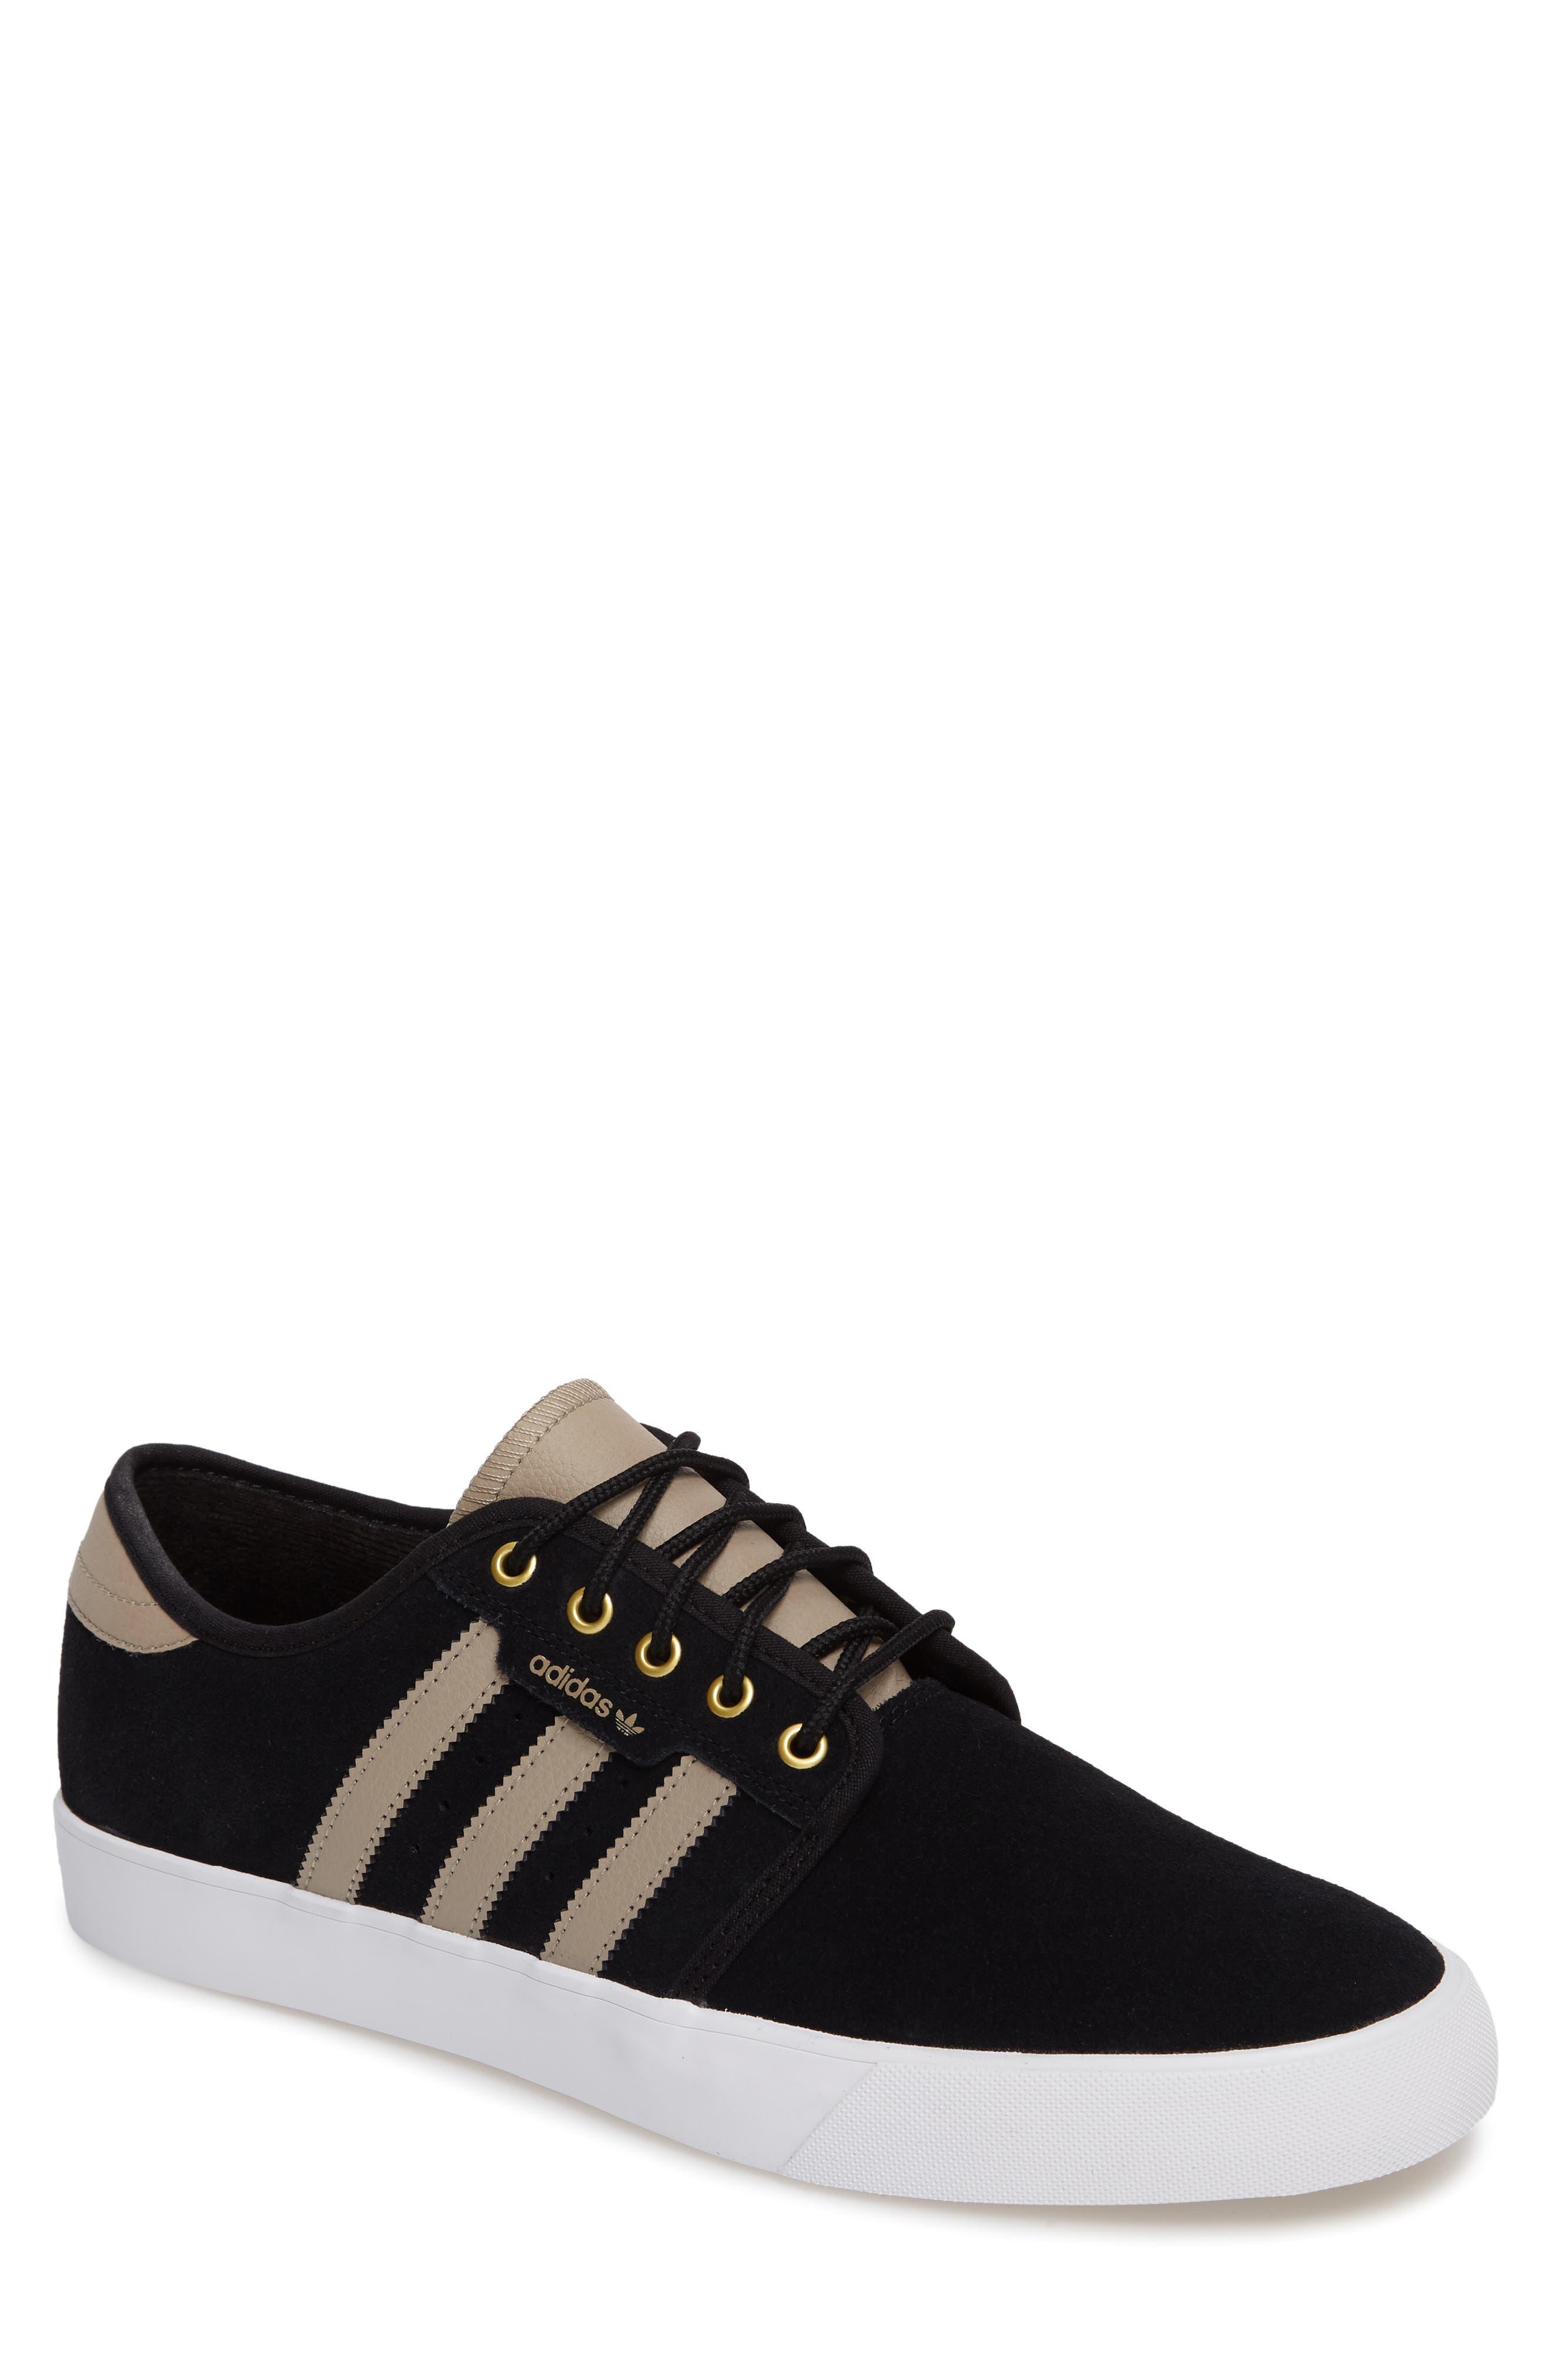 Alternate Image 1 Selected - adidas 'Seeley' Skate Sneaker (Men)
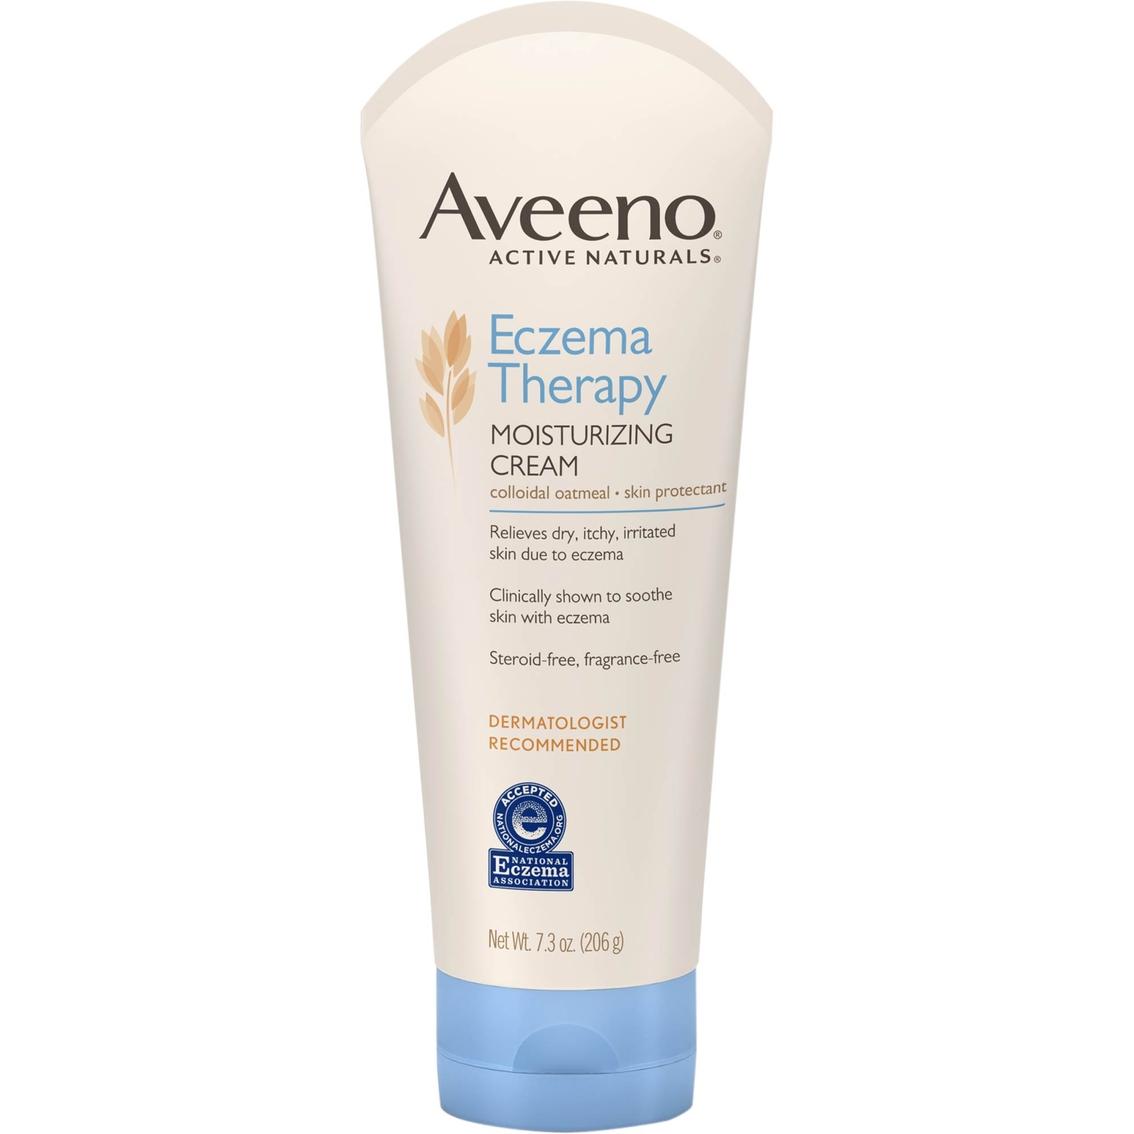 Aveeno Anti-itch Eczema Therapy Moisturizing Cream
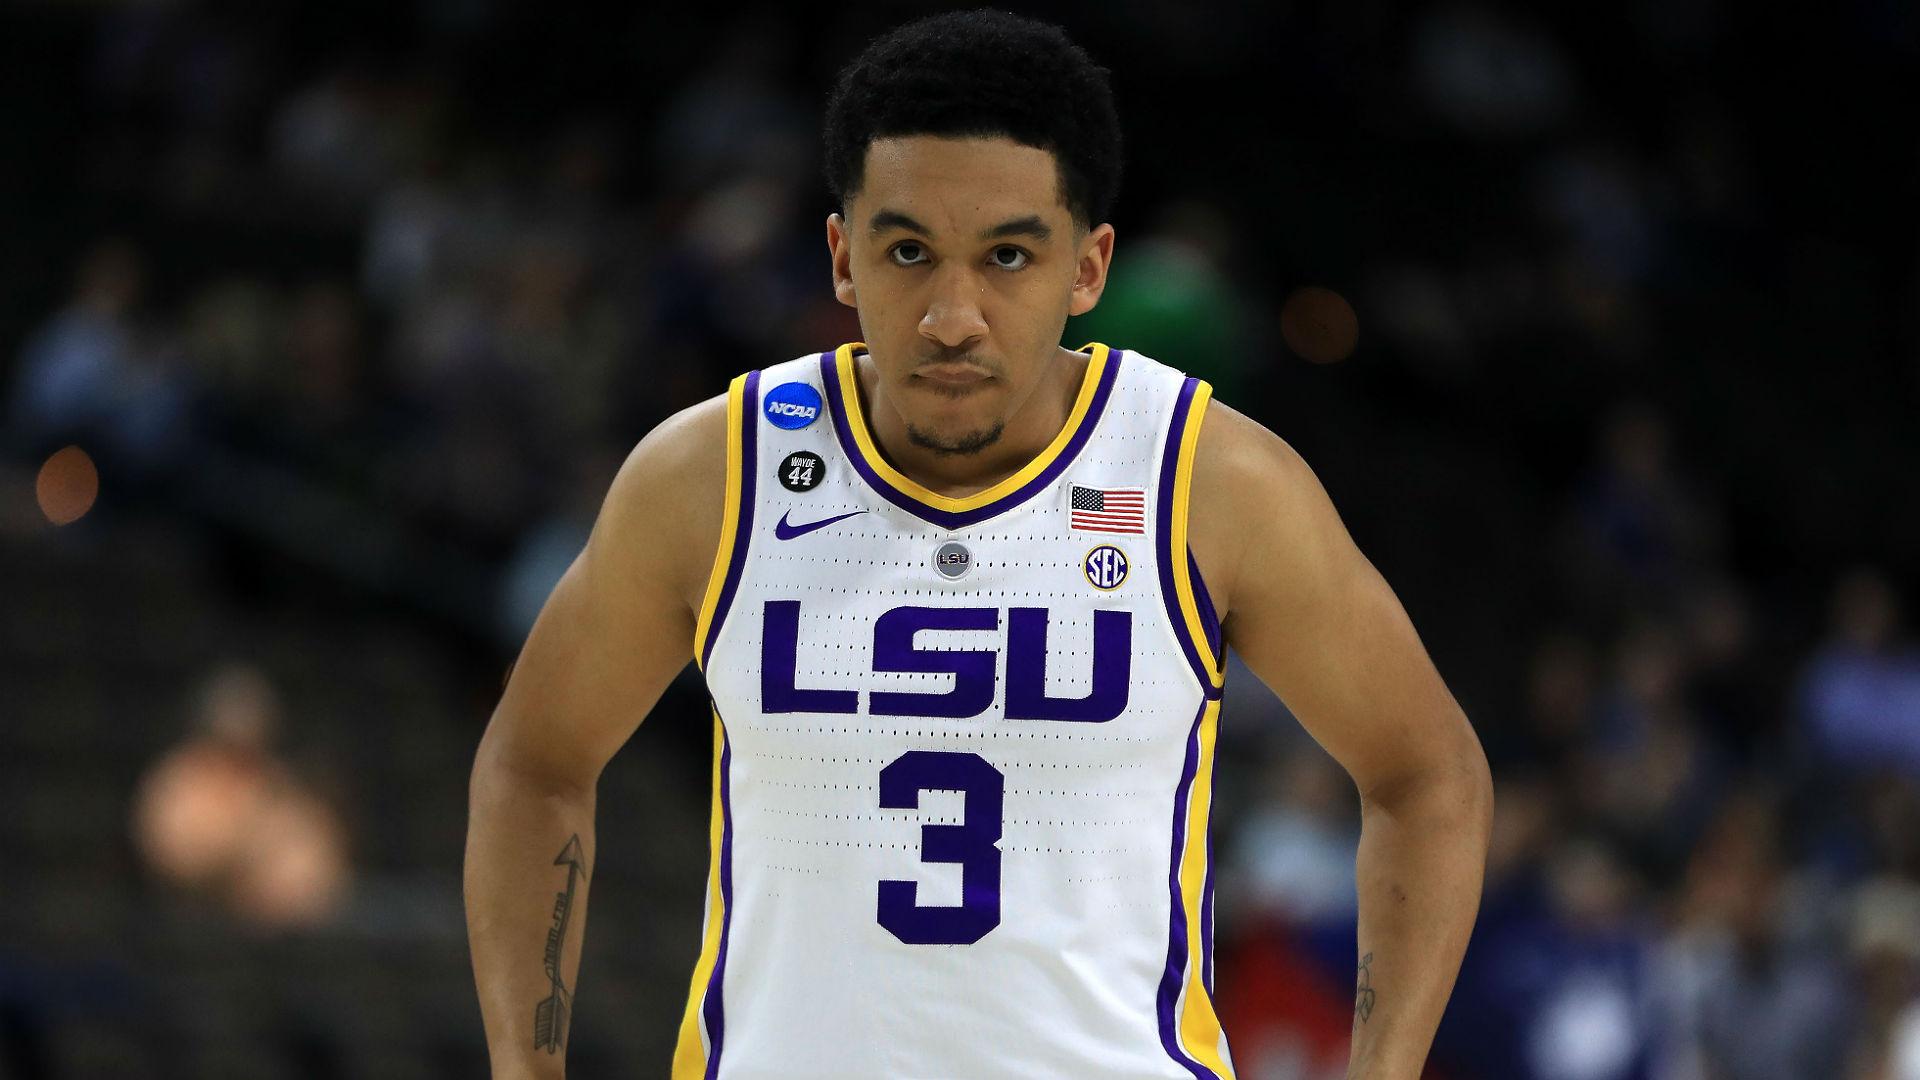 NBA Draft 2019: 5 second-round sleepers

WORK TO COMPLETE:
Beginning with the line containing "Aveeno Anti-itch Eczema" and ending with the last line of the data, output those lines exactly and nothing more. Omit every picture.

YOUR RESPONSE:
 Aveeno Anti-itch Eczema Therapy Moisturizing Cream
 NBA Draft 2019: 5 second-round sleepers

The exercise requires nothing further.